#### [What to produce]
Every line below that contains the word "modern" must be copied.

Stored dataset items
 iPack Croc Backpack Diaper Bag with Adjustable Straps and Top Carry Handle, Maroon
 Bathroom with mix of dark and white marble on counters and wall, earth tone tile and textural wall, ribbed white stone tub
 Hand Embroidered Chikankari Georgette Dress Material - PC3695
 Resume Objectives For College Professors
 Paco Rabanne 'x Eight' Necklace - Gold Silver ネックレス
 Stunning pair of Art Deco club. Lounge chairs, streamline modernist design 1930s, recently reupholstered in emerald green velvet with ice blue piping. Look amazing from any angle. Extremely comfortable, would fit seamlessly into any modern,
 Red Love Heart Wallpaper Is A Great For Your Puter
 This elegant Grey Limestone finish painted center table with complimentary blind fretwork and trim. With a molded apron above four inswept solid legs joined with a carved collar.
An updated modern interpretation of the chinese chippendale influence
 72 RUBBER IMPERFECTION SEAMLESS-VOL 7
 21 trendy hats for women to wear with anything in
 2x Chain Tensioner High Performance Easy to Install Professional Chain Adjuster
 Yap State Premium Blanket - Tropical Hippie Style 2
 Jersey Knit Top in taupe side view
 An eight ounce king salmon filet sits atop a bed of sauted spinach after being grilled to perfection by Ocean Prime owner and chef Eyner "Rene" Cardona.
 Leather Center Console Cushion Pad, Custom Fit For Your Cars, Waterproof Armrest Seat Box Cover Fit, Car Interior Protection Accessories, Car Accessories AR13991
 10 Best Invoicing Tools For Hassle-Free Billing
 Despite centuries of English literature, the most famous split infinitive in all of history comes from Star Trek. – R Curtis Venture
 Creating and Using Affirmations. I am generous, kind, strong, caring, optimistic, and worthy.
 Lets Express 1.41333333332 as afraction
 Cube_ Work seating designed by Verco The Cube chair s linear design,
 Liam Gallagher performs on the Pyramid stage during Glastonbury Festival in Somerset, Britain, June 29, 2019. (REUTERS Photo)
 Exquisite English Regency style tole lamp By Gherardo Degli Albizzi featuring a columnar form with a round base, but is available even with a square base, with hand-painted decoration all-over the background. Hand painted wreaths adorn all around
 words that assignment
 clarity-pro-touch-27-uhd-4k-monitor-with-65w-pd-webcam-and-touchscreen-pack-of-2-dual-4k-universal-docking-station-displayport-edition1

#### [Response area]
 Stunning pair of Art Deco club. Lounge chairs, streamline modernist design 1930s, recently reupholstered in emerald green velvet with ice blue piping. Look amazing from any angle. Extremely comfortable, would fit seamlessly into any modern,
An updated modern interpretation of the chinese chippendale influence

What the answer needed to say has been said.